To further determine the therapeutic efficacy of the XMA01/XMA04 cocktail against the Omicron variant, we conducted a similar virus-challenge experiment as that of the Beta variant and evaluated the therapeutic activity of the XMA01/XMA04 cocktail (Figure 5A). Both untreated and treated groups were individually separated into two subgroups, hamsters of which were sacrificed at 5 and 6 dpi for viral RNA load quantification and gross lung observation, respectively. Although no animal death was observed for both the untreated and the antibody-cocktail-treated groups compared with the Beta variant, putatively due to the relatively weaker pathogenicity of the Omicron variant (Figure 5B), the Omicron variant caused slight body weight decrease (3.8%) for the untreated group at 5 dpi but nearly no decrease for the treated group (Figure 5B). Also, the significant decrease of viral RNA loads in the tissues of nasal turbinate, trachea, and lung regions proximal and distal to the pulmonary hilum were achieved by the XMA01/XMA04 cocktail at 5 dpi (Figure 5C). The hamsters in the untreated group recovered from virus infection (increased body weight) to some extent at 6 dpi (Figure 5B); however, the tissue viral RNA loads still maintained at high levels (1 × 106–1 × 107) (Figure 5D). The antibody-cocktail-treated group showed relatively lower tissue viral RNA loads at 6 dpi compared with that of the untreated group (Figure 5D). We noted that the viral RNA loads of the cocktail-treated group at 6 dpi slightly increased (while no statistical difference) when compared with that at 5 dpi, putatively resulted from the decreased antibody concentration in hamsters. Nevertheless, the relatively lower viral RNA loads at 5 and 6 dpi (1 × 105–1 × 106) indicated that antibody cocktail efficiently inhibits viral replication to maintain concentrations of the Omicron RNA at a relatively low level since 5 dpi. Given the reduction of viral loads caused by the XMA01/XMA04 cocktail, no viral-infection-related lung damage was observed in the cocktail-treated group at 5 dpi compared with the untreated group (Figure 5E).
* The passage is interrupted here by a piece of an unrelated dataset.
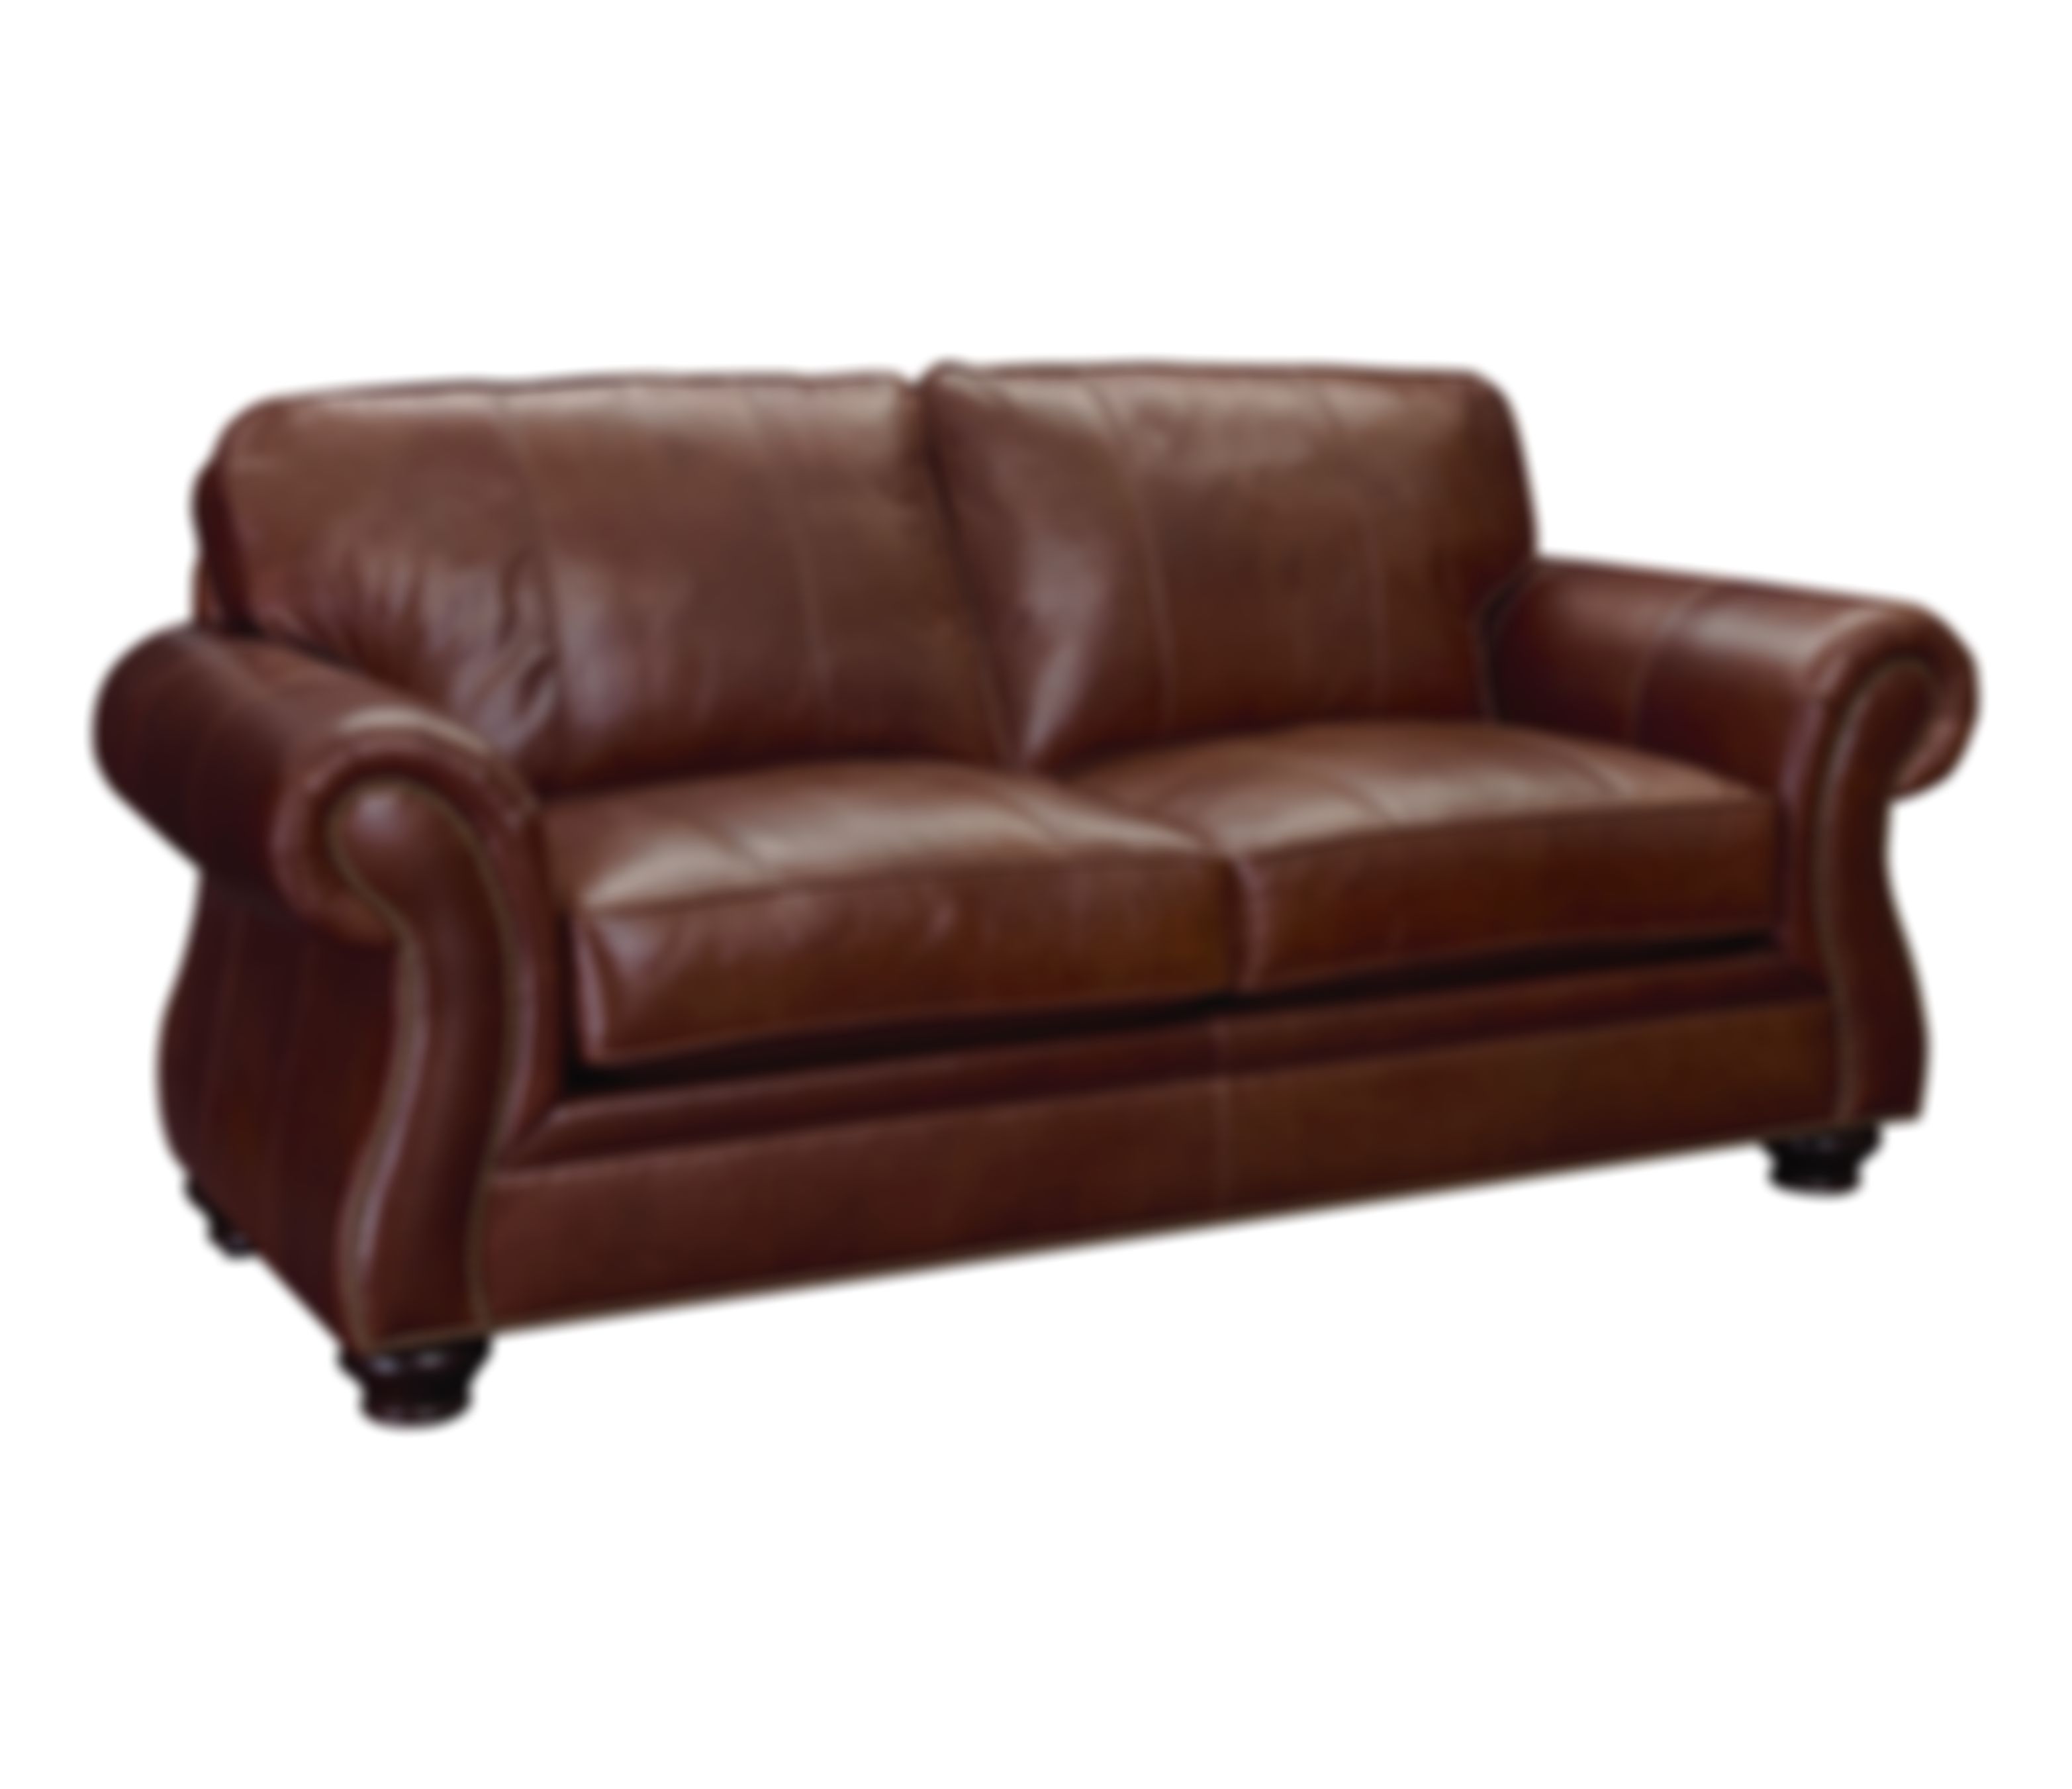 Laramie 5081 Sofa Collection Customize, Broyhill Leather Couch

Taken together, these results determined that the potently synergistic neutralization of XMA01 and XMA04 effectively protected hamsters from infection and infection-related lung damage of two notorious VOCs, Beta and Omicron.

Figure 5.

Figure 5

Therapeutic activity of XMA01/XMA04 cocktail against SARS-CoV-2 Omicron variant challenge in hamsters

(A) Experimental schedule. Two groups (n = 6) were intraperitoneally treated with PBS and XMA01/XMA04 cocktail (20 mg/kg) at 1 day post intranasally challenge with the 1 × 104 PFU SARS-CoV-2 Omicron variant then were divided into two subgroups (n = 3) that were sacrificed at 5 and 6 dpi, respectively.

(B) Daily body-weight changes were observed and plotted by means ± SEM. The significant differences of body-weight changes at 4, 5, and 6 dpi were analyzed using Student’s unpaired two-tailed t test. ns, no significant difference; p < 0.05; ∗∗∗∗p < 0.0001.

(C and D) Viral RNA concentrations in different tissues as in Figure 4D from subgroups that were separately sacrificed at 5 (C) and 6 dpi (D). Data are expressed by means ± SEM. The significant difference between the groups was analyzed by Student’s unpaired two-tailed t test. ns, no significant difference; p < 0.05.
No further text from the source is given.